Secondly, in Victoria administration of a lethal injection by the practitioner is only available if there is an identified issue with self-administration. In NSW death by practitioner administration can be freely chosen. Only 15% of Victorian cases involve practitioner administration – compared to 79.1% so far in NSW. International evidence indicates that overall rates are higher when euthanasia is freely on offer compared to jurisdictions where assisted suicide is the only or default option.


Underlying condition

The First Annual Report gives no details of the conditions involved in the 78 cases described as “other” conditions (that is, not cancer, neurodegenerative or respiratory conditions).

Prognosis

The eligibility criteria include a prognosis - determined by two medical practitioners neither of which need to have any specific qualification or experience in the relevant condition – on “the balance of probabilities” that death will occur within 6 months (or within 12 months for neuro-degenerative conditions).

The handbook prepared by NSW Health acknowledges that “predicting when a person is entering the final months of their life can be difficult”.

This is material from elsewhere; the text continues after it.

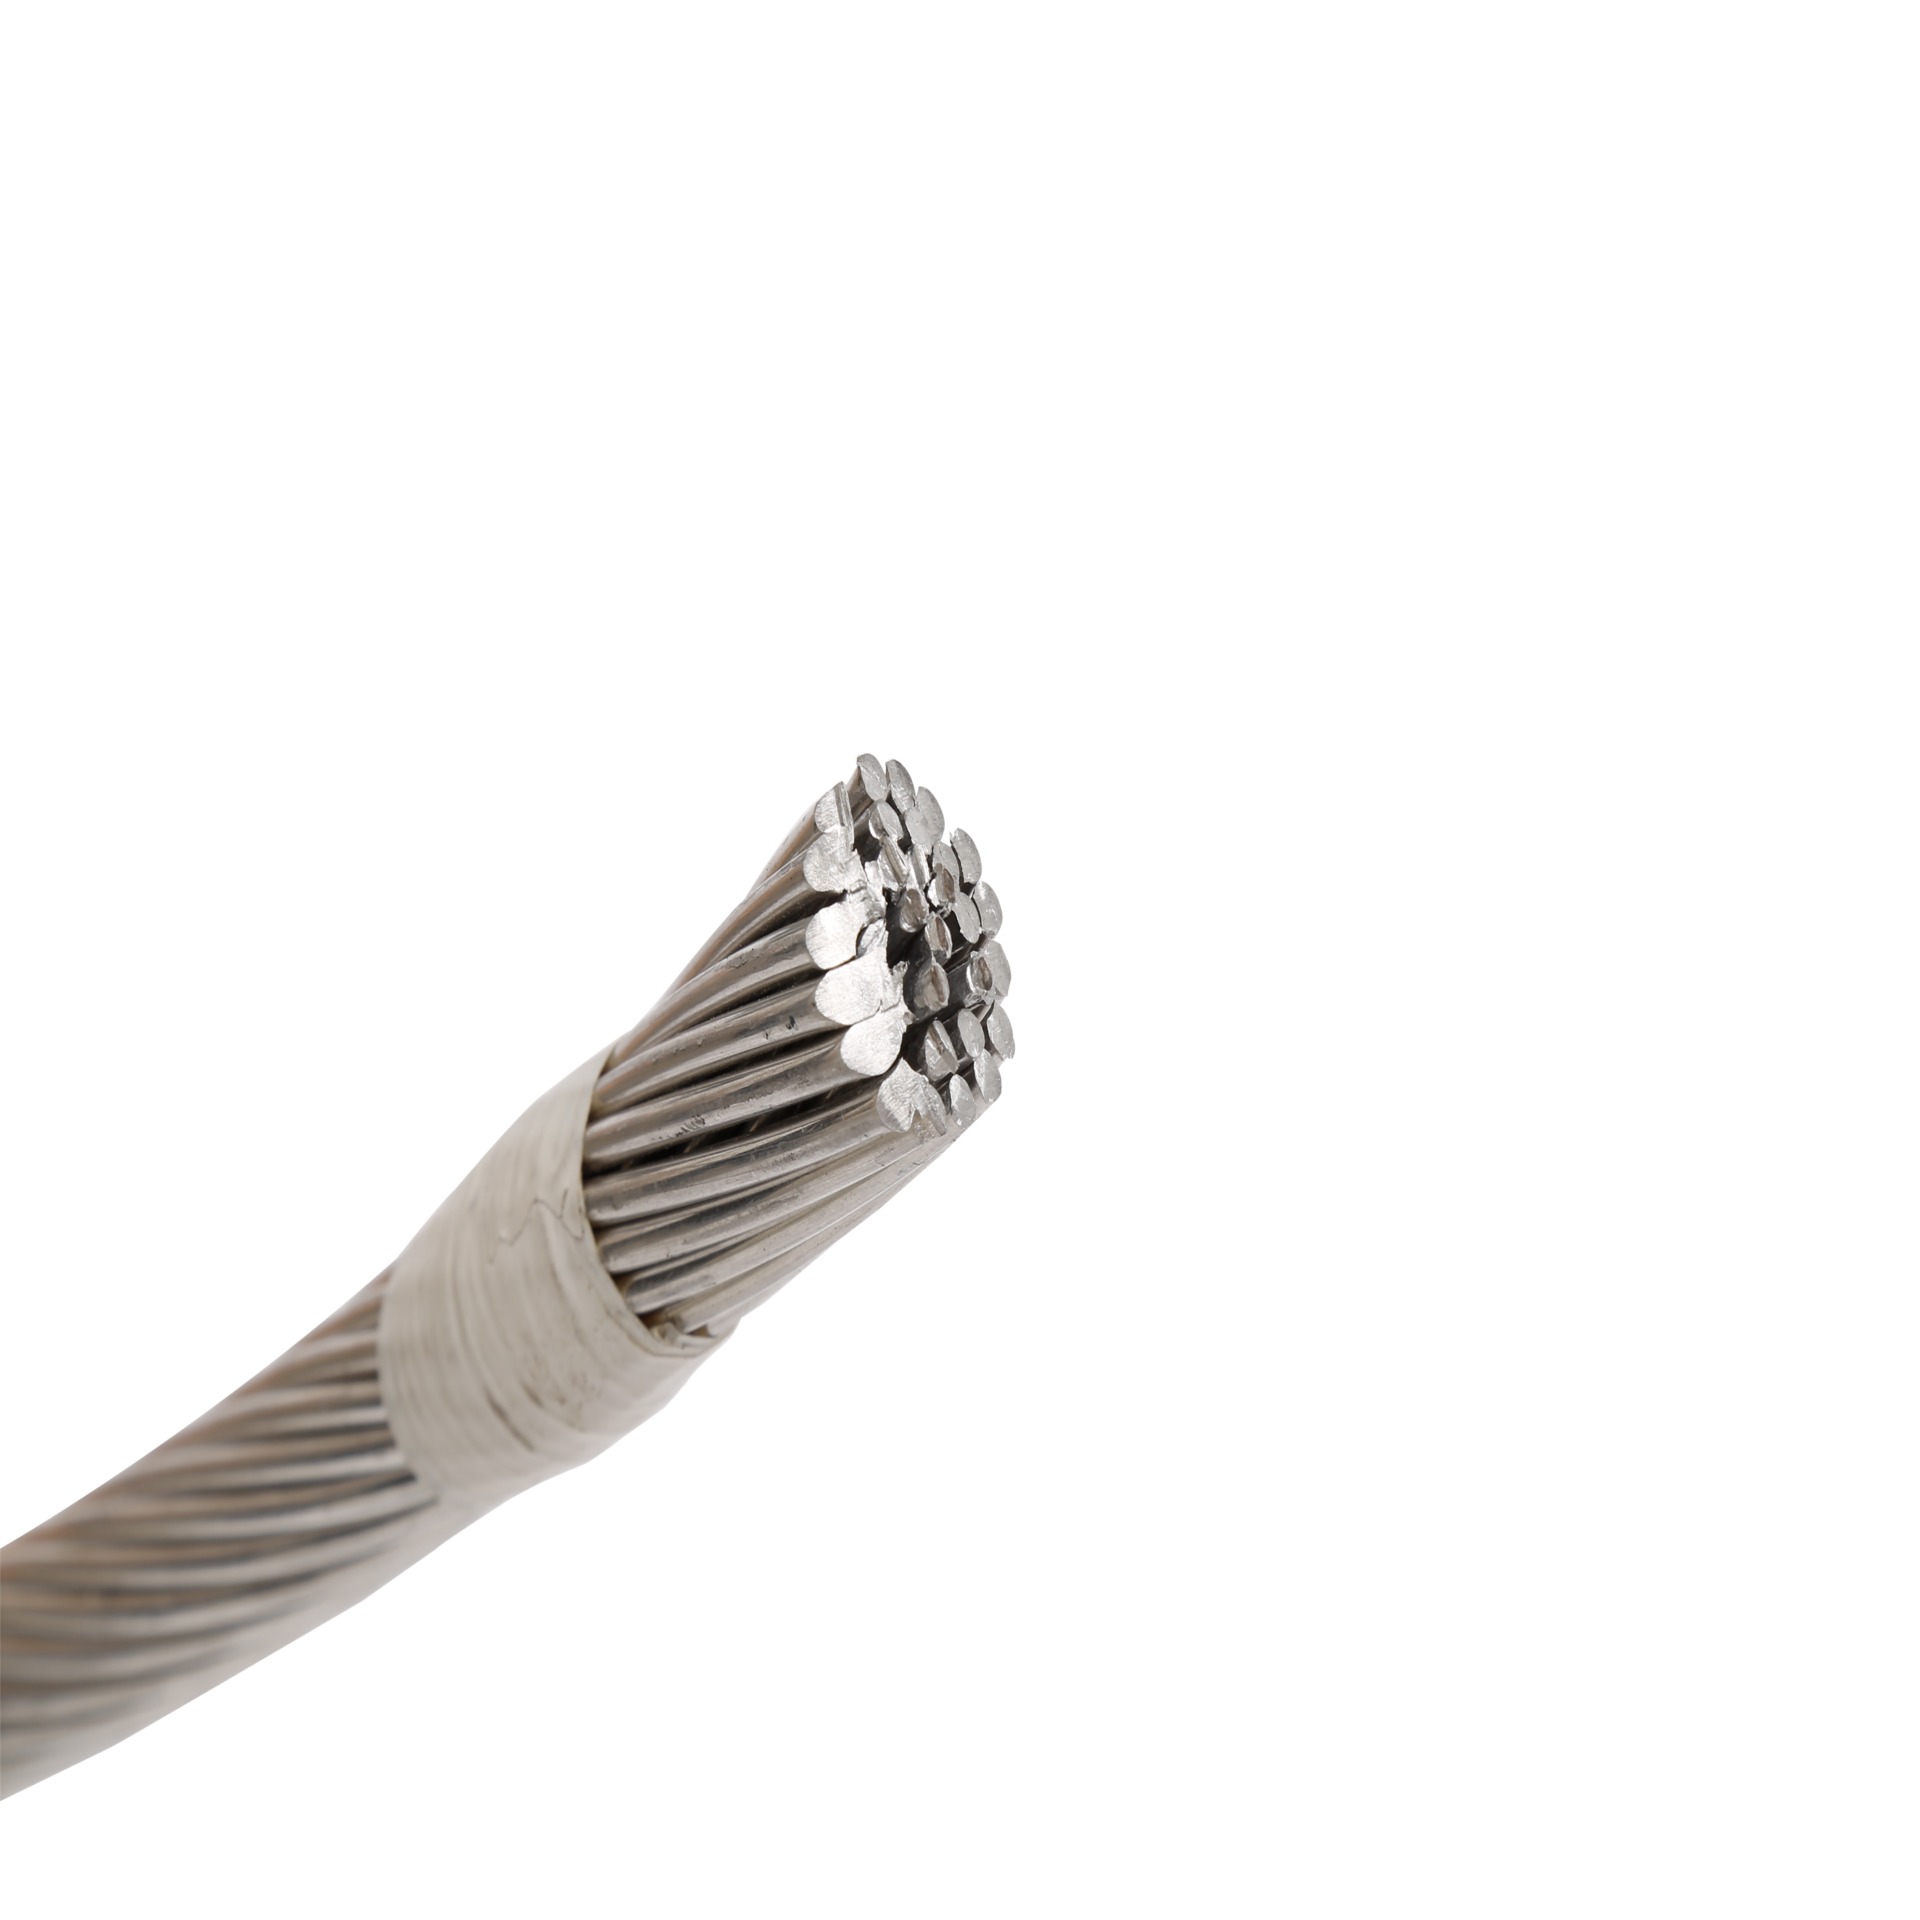 铝裸绞线 热镀锌钢绞线 1192.2   钢芯铝绞线 1kv 架空绝缘导线

This means that there will inevitably be wrongful deaths of people who may have had years to live from errors in prognosis.

Curiously the NSW Health handbook states that a Board authority to prescribe will remain valid for six months (or 12 months in the case of a neurodegenerative disorder) but that the patient can wait a further six months from when the prescription is written to have it filled. So NSW Health is envisioning patients given a prognosis of six months to live still being alive 12 months after this prognosis has been given.

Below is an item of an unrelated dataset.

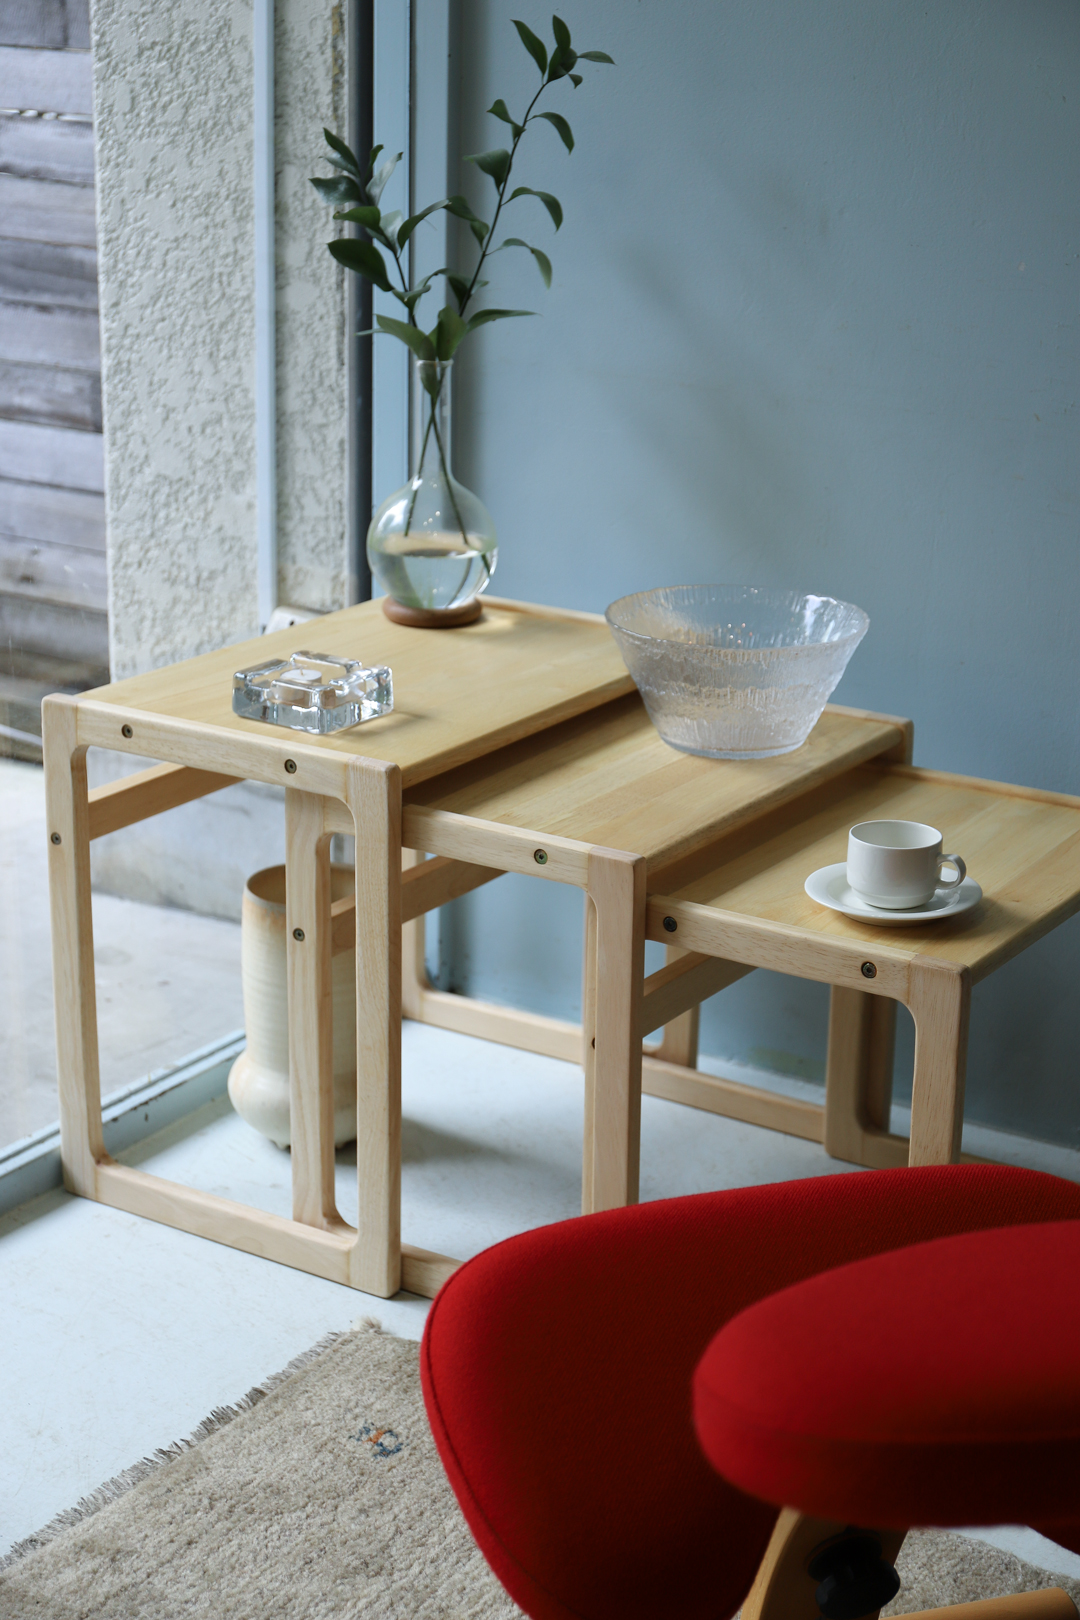 Japanese Vintage Beech Wood Nesting Table/ジャパンヴィンテージ ビーチ材 ネストテーブル 飾り台 ナチュラル 北欧モダン

In the case of authority to suicide by prescribed poison there is not time limit on how long the supplied poison may be kept before it is ingested.

Decision-making capacity

The NSW Health handbook states: 

“In the event that a coordinating practitioner becomes aware that a patient has permanently lost decision-making capacity after supply of the voluntary assisted dying substance for self-administration, the substance must be returned and disposed of as the patient is no longer eligible for voluntary assisted dying.”
This admission points to a serious risk in the scheme set up under the Act. Once the final review is completed before the coordinating practitioner applies for an authority to prescribe the lethal poison for self-administration there are no further checks on a person’s decision-making capacity and no requirement for any further contact between the coordinating practitioner and the patient.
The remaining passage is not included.